A good start might be to Google Scholar "flight deck automation" "flight deck design" pilot cognition, and similar.

mercurydancer
15th May 2008, 21:10
ITCZ

That is exactly the information I need. Thank you. Its interesting that you cite James Reason as an author.. in fact much of my research is based on his transference of airline safety to healthcare settings.

It is prevalent in my mind to reduce the number of bleeping noises and to incraese the meaningfulness of the messages. I didnt consider the Three Mile Island accident but it looks like a superb place to look for examples. I know I can find parallels with clinicians being overloaded with signals when they have critical tasks mounting up and have to prioritise. Having a framework of message prioritisation could form the next stage to the work we are doing. It does reinforce my feeling that airline and aircraft companies have done this well before us and what we need to do is listen very hard and with attention to the paralleles between the two professions.

Whilst the alert systems for medical equipment attached to patients (such as you would find in an intensive care setting) is reasonably well researched, it certainly is not with messaging systems which operate across wards and hospitals. In many respects we are in the dark ages as soon as a clinican leaves a ward then the only contact is by telephone. Even this week's New England Medical Journal has an article describing a senior medical staff's experience on a large modern hospital and frankly his communication systems could have been equalled before the First World War. Its reassuring as I dont think what I am looking at is rare by any means.

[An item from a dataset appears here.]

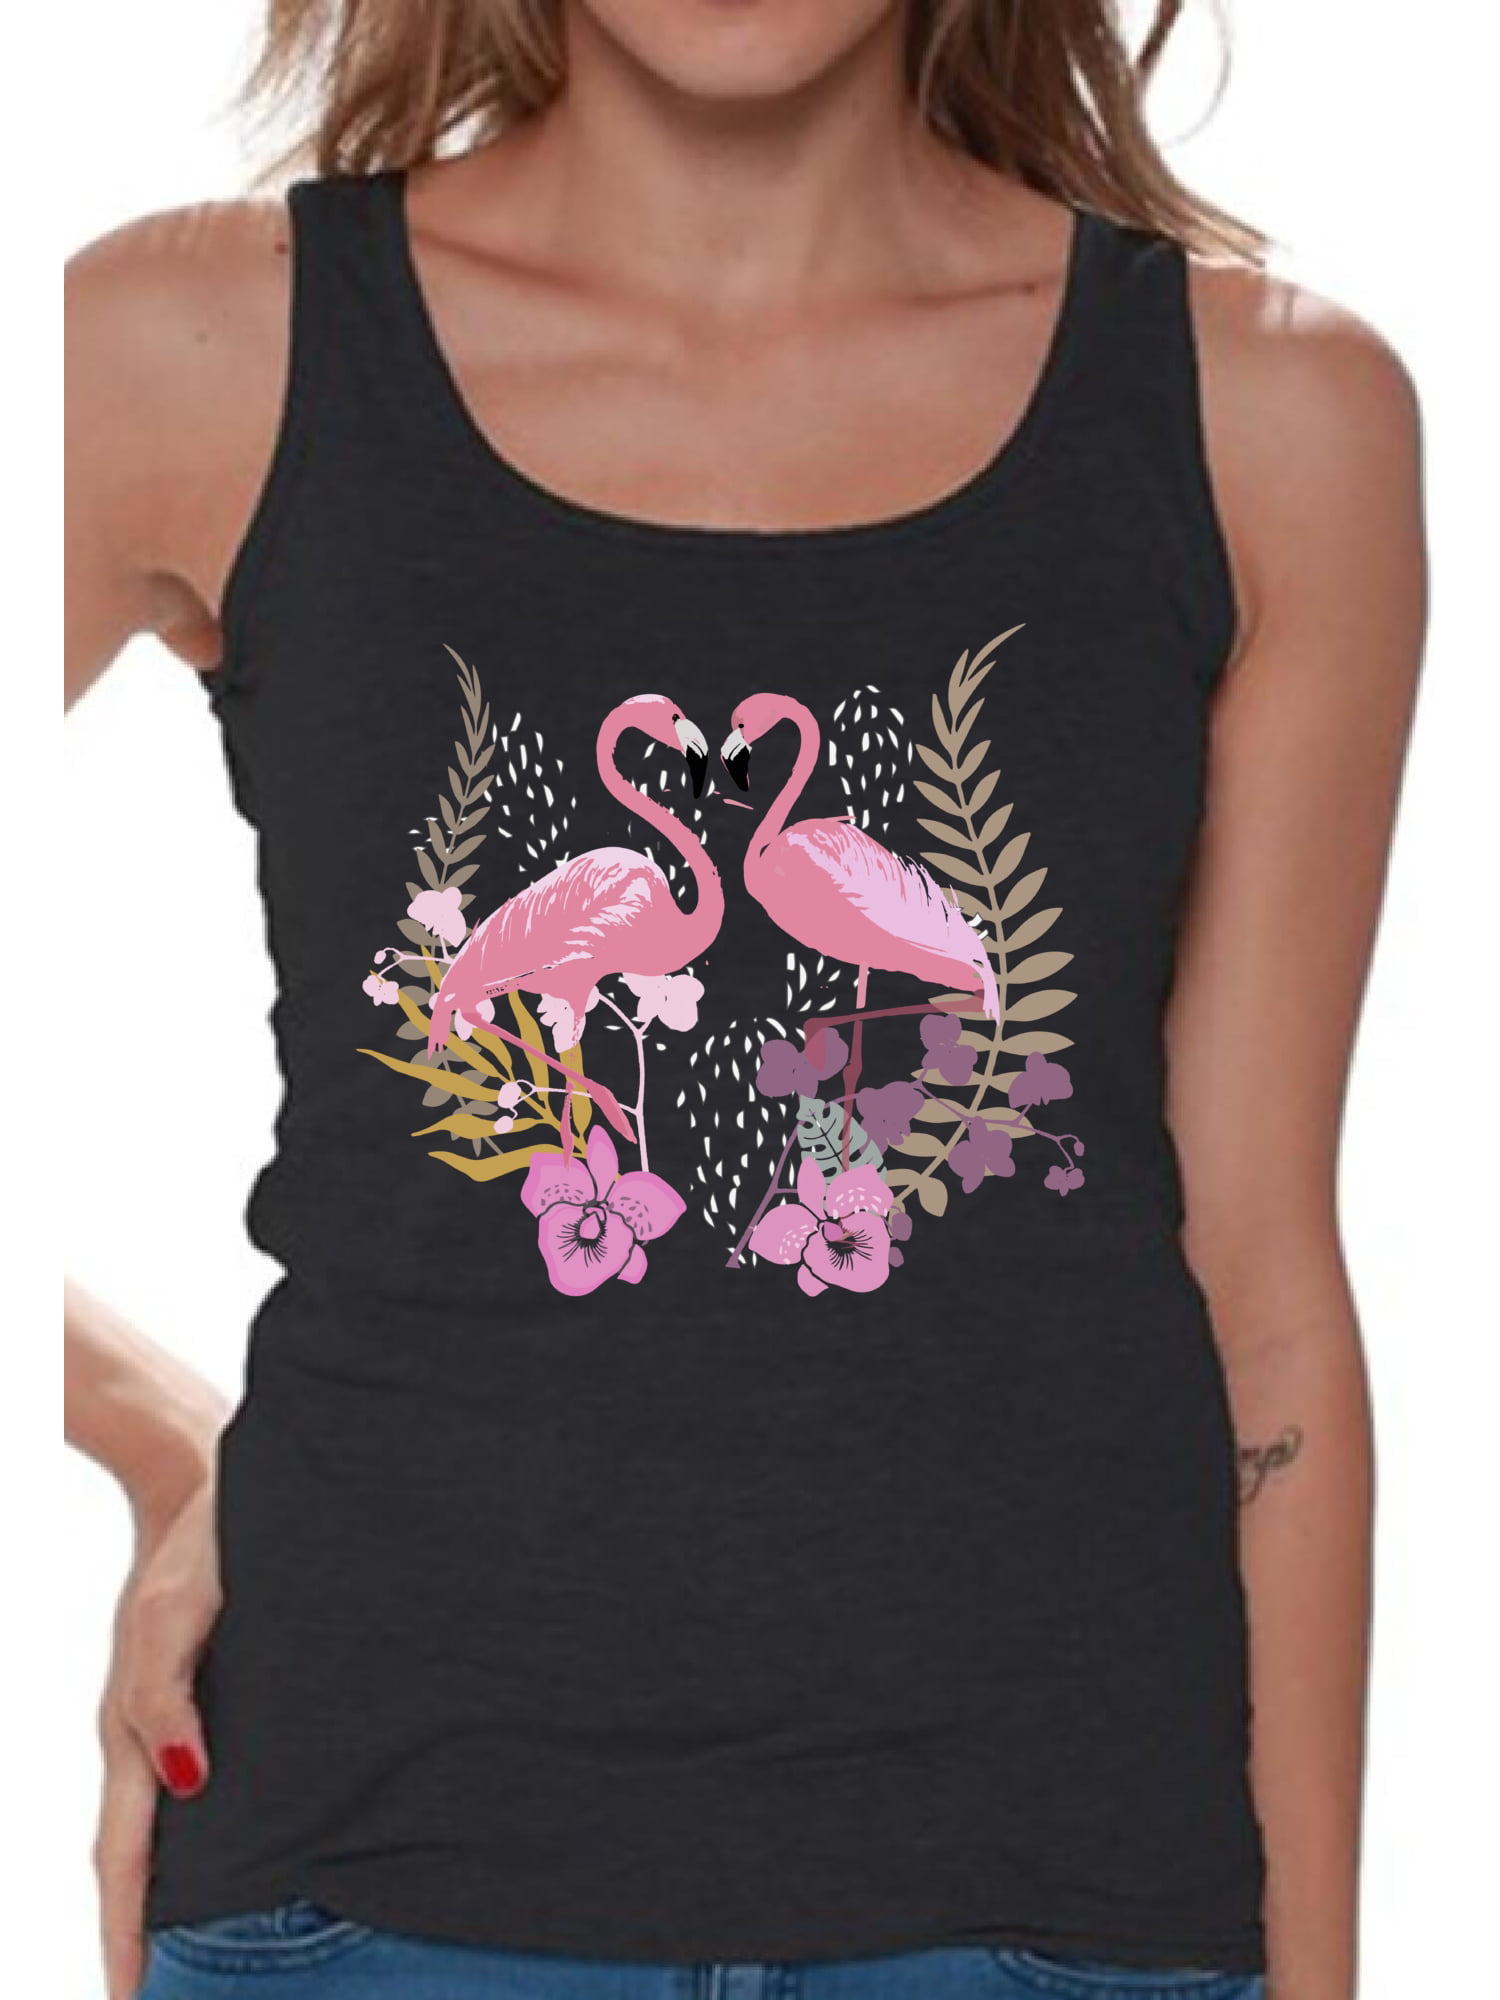 Awkward Styles - Awkward Styles Flamingo Love Tank Top T-Shirt for Her ...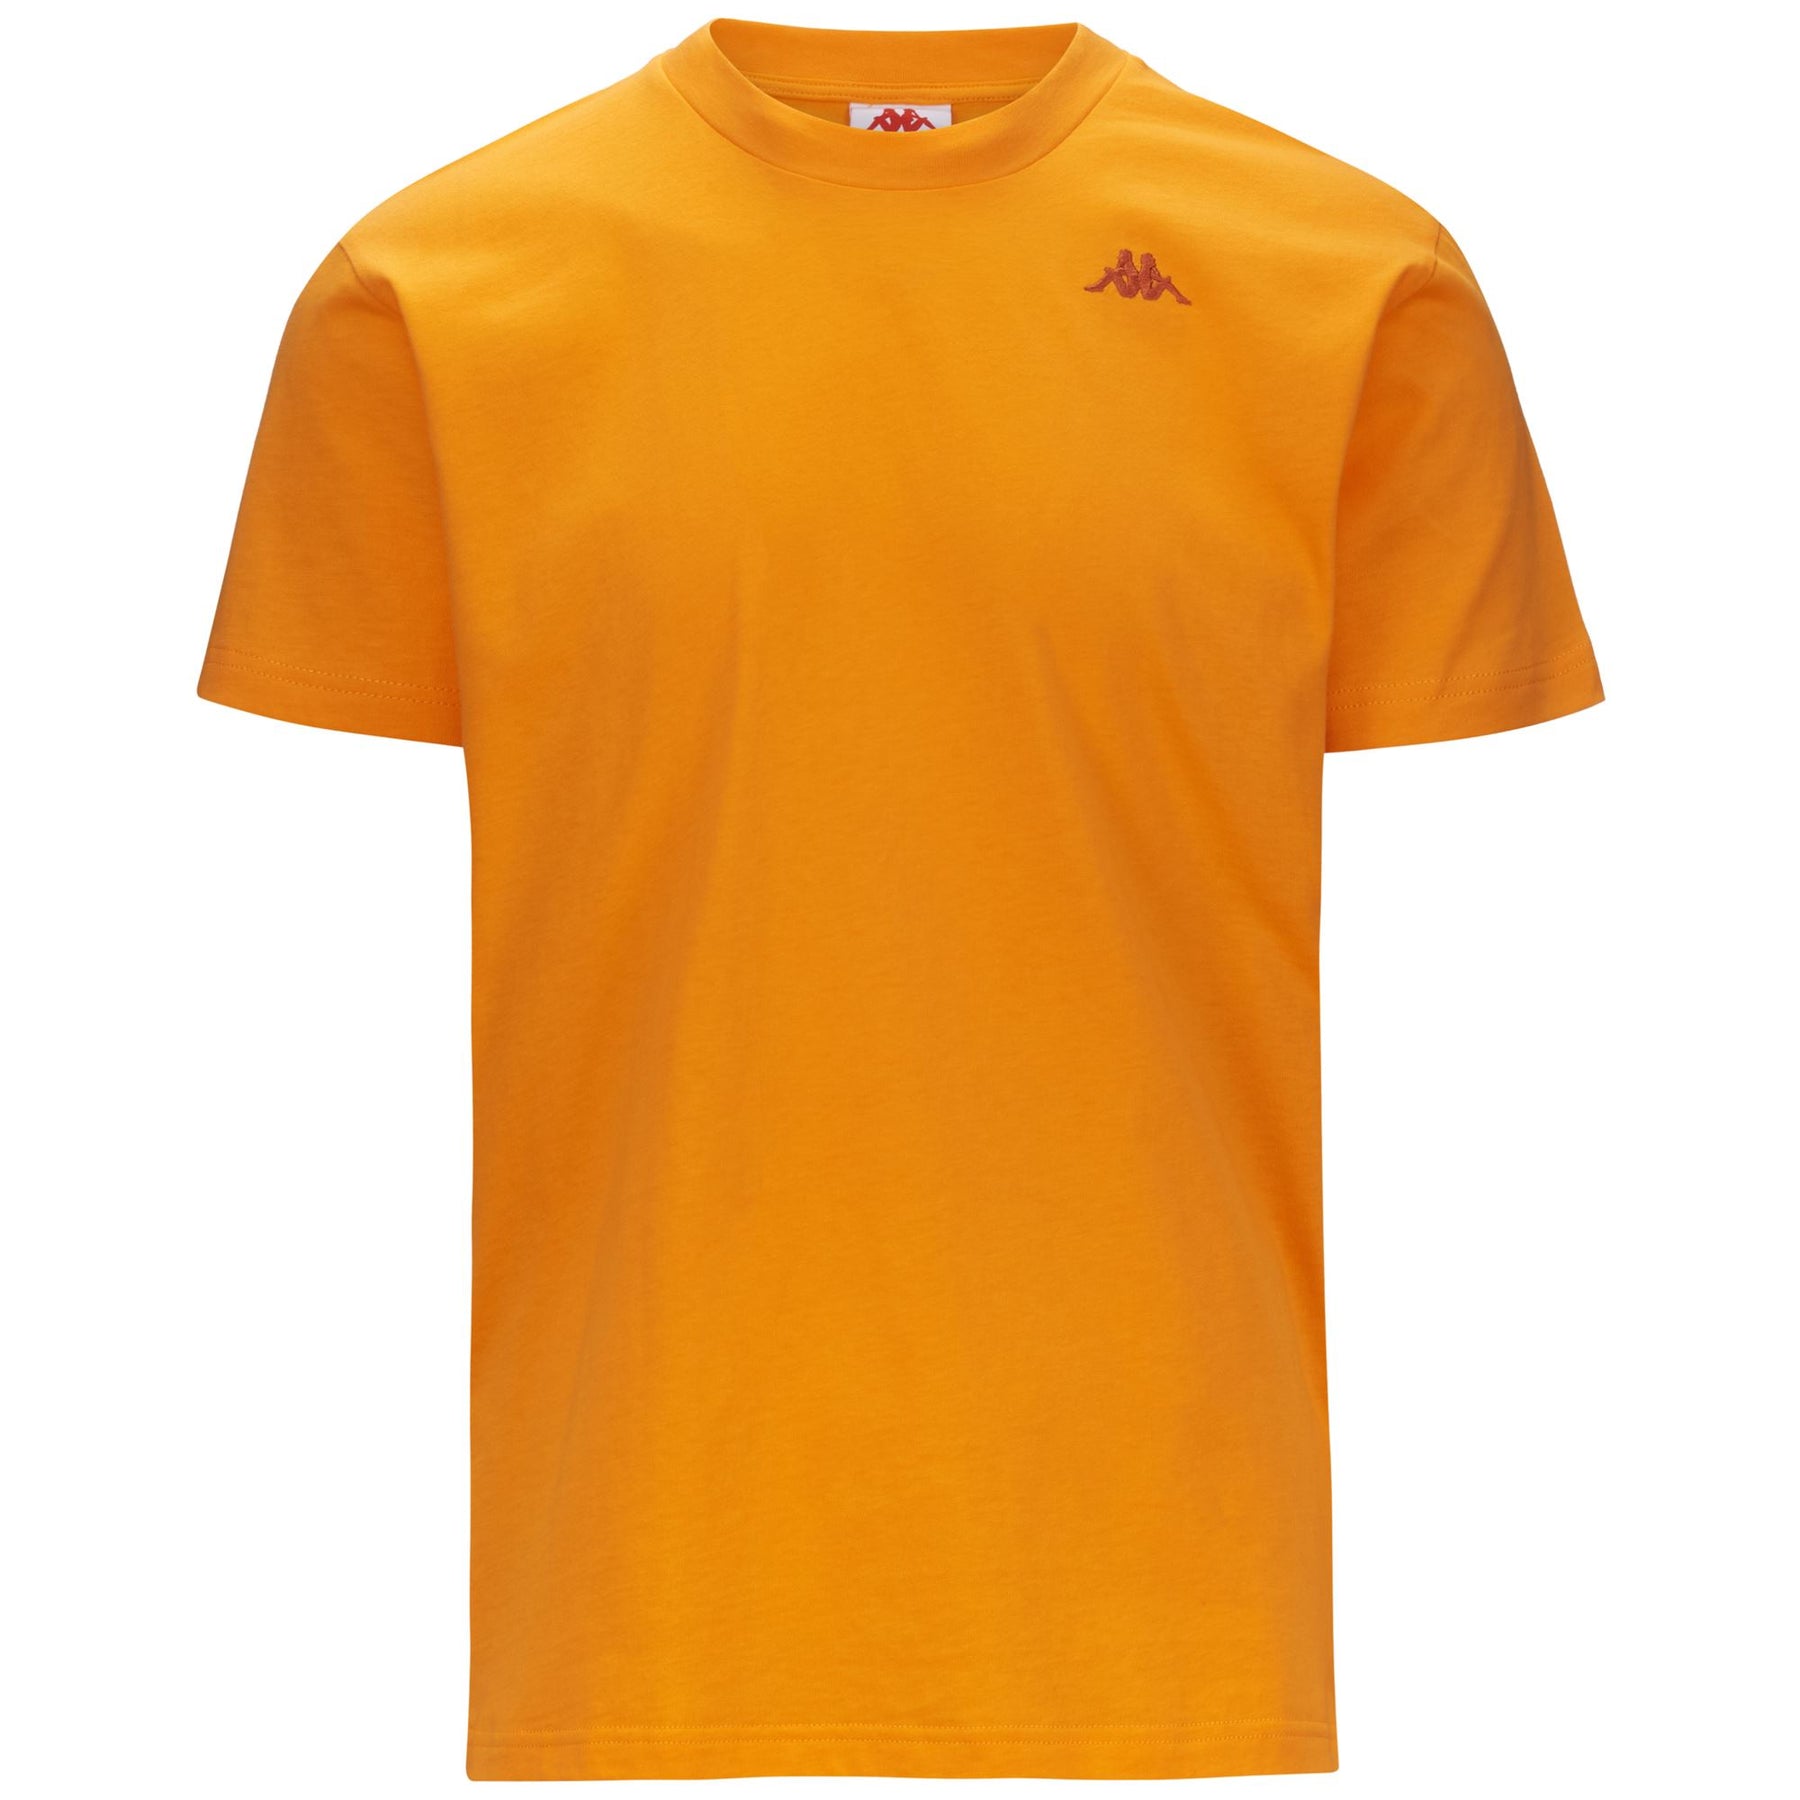 222 BANDA GASPER - T-ShirtsTop - T-Shirt - Man - ORANGE-ORANGE APRICOT

We have explored ways of transmitting clinical information such as clinical observations via GPRS with degree of success. Mad jock.. thank you. We think we have solved this problem by forming an intermediary company (ibleep) (Roy if you detect this with a google sweep just get a curry ordered) which can handle a contract with efficiency and at the moment T Mobile have seen the potential, and have allowed a GPRS connection which the ibleep program can access.

NutLoose
16th May 2008, 04:04
Also do a search for something like cockpit warnings on www.faa.gov (http://www.faa.gov)

4Greens
20th May 2008, 08:34
Check out the Cypriot airlines crash in Greece in August 2005. There was confusion about a warning horn. It was an oxygen problem (lack of) and was mistaken for another warning.